Getting around Venezuela
Almost all significant towns are connected with scheduled services operated by domestic airlines, including Aeropostal (www.aeropostal.com), Aserca Airlines (www.asercaairlines.com), Avior (www.aviorair.com) and SBA Airlines (www.sbairlines.com).
A flight may be the best, though not the cheapest, option for reaching some of the more far-flung destinations, particularly Angel Falls (Canaima) and the Amazon region. Schedules are unreliable however, and you should book flights in advance, especially during the summer and national holidays.
The airport tax for domestic flights is Bs.F.120, often included in the airfare. Passengers that enter the country with Tourist Card and stay for less than 30 days do not have to pay the tax.
For most visitors, driving in Venezuela is not worth the effort. The paperwork is daunting, and many locals drive aggressively and with scant regard to the rules of the road.
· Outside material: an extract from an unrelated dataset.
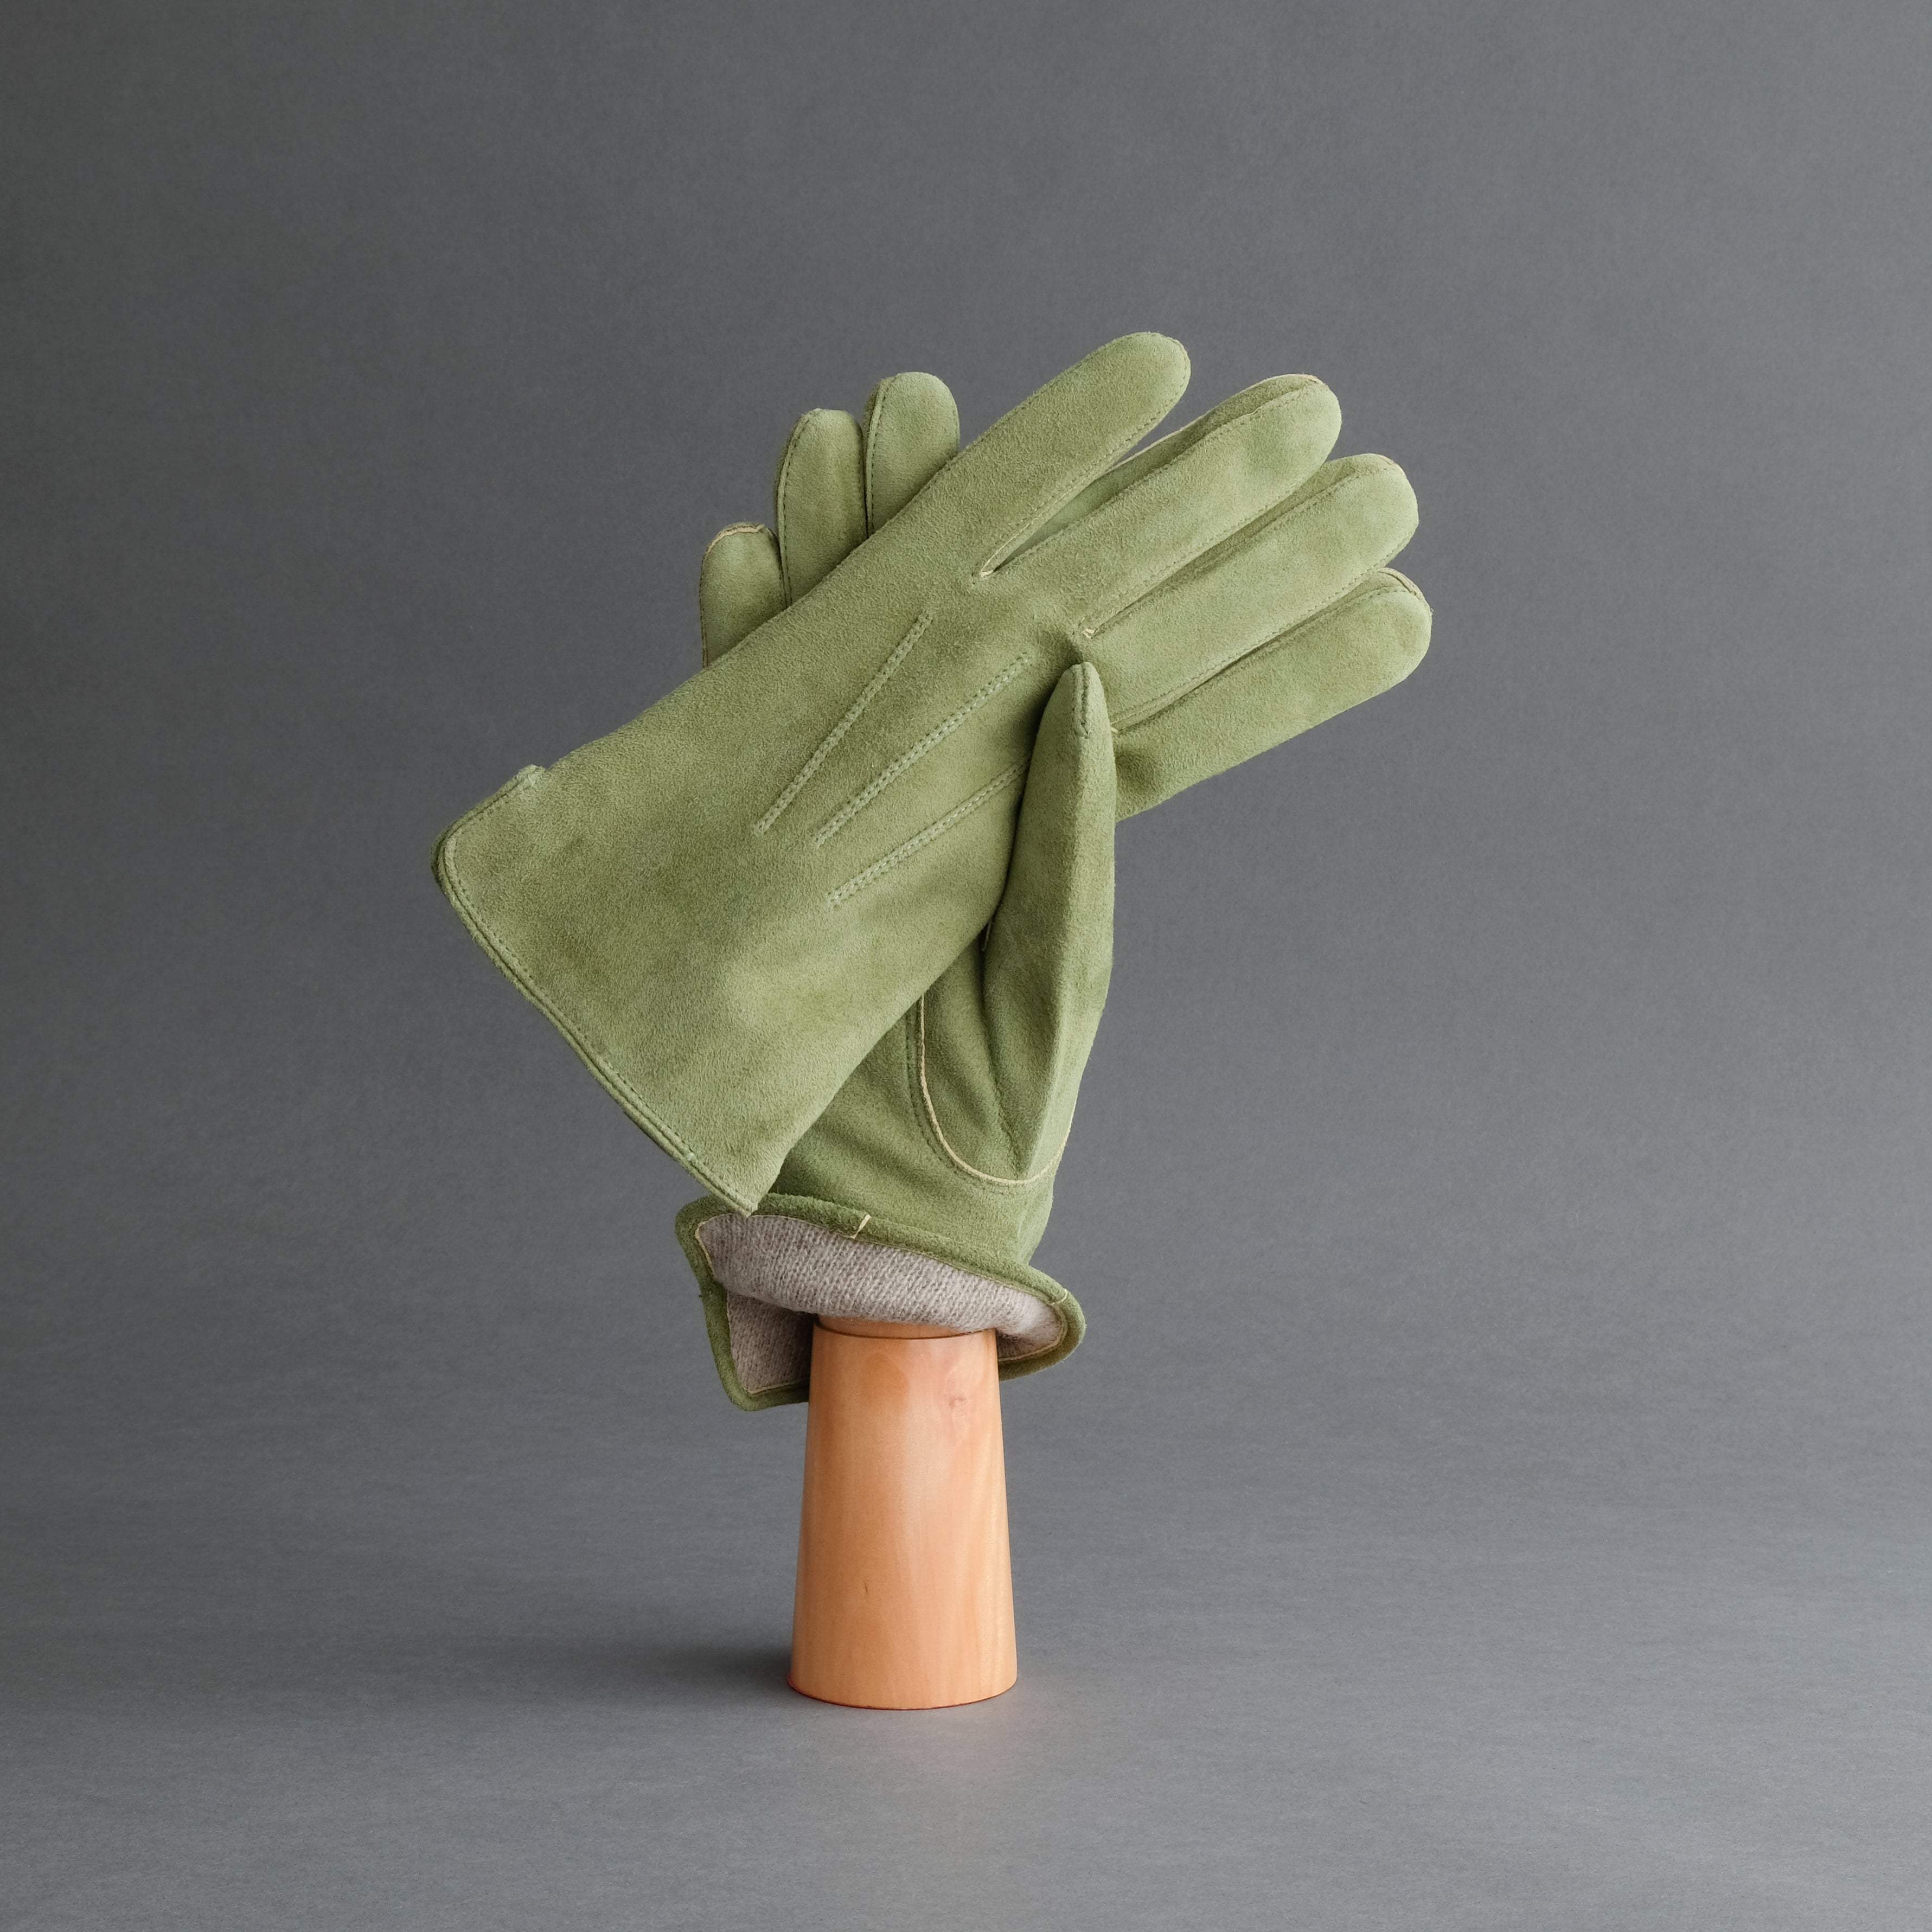 Gentlemen's Gloves from Moss Goatskin Lined with Cashmere - TR Handschuhe Wien - Thomas Riemer Handmade Gloves

Above all, there are plenty of cheaper and easier alternatives, primarily buses and taxis. If you decide to drive, do be aware that drivers routinely ignore red lights. When filling up on petrol, pump attendants expect a tip.
The quality of roads is variable but the main roads in Caracas and to the interior are good.
Most major roads are paved, but some routes have many potholes; on these roads a 4-wheel drive is recommended. Many smaller backroads are dirt or gravel, which turn into a mudbath in the wet season; a 4-wheel drive is best at this time too.
Most of the international car hire companies operate at the airport and in major city centres. You can often get better rates by booking online from home. Drivers need to be at least 21 years old to rent a car, and sometimes older for 4-wheel drive or luxury vehicles.
Taxis are plentiful in Caracas and other cities; they are not expensive but they don’t have meters so agree on the fare before you set off. Official taxis in Caracas are white, with yellow licence plates; they are safer than unmarked minicabs.
‘Por puesto’ shared taxis are also common and usually take the form of minibuses or old US cars (known as busetas or carritos). They follow set routes and are considerably cheaper, but you will probably have to pay the extra passengers’ fares if you don’t want to wait for it to fill up.
There is an abundance of buses covering the whole country, making this the best way to get around. Fares are cheap, though the condition of the buses varies widely, from rusty old wrecks to gleaming modern luxury coaches complete with bed-seats, icy air-conditioning and TV/DVD players.
Bus terminals in Caracas serve different parts of the country. Terminal de Oriente, for the east, southeast and Colombia, is found at metro Terminal de Oriente and is 15 minutes away by taxi. Terminal la Bandera serves the west and southwest and is five minutes by taxi from the metro station of same name. Luxury coaches with their own terminals, and serving various destinations, include Aeroexpresos Ejecutivos (www.aeroexpresos.com.ve).
All vehicles must carry a spare tyre, wheel block, jack wrench and special reflector triangle. You must be at least 18 years old to drive in Venezuela and 21 years old to rent a car. Speed limits are officially 80 to 120kph (50 to 75mph) on major roads and 40 to 60kph (25 to 37mph) in residential areas, though in reality limits are rarely enforced. Seat belt use is compulsory. You can't ride motorbikes in Caracas after 2200.
TACV (tel: +58 212 781 9743; www.automovilclubvenezuela.com). In the event of an accident, both vehicles must remain in the position of the accident until a Traffic Police Officer arrives, otherwise insurance companies will be unable to pay claims. For emergencies, call 911.
Drivers must have their licence and insurance documents with them at all times; both foreign licences and International Driving Permits are valid.
Caracas has a metro which is comfortable and inexpensive; with convenient links to long-distance bus stations (www.metrodecaracas.com.ve). Elsewhere, local transport is handled by both conventional bus services and por puestos (share-taxis). Fares for the latter are similar to those on the buses, though generally higher after 2100 and at weekends.
From the airport, authorised taxis (black Ford Explorers, with an oval yellow logo) line up in front of the international and domestic terminals. Pay in advance at the signposted ticket office. Do not go with unlicensed taxi drivers.
Apart from the Caracas subway and a suburban light-rail line, there are no passenger trains operating in Venezuela.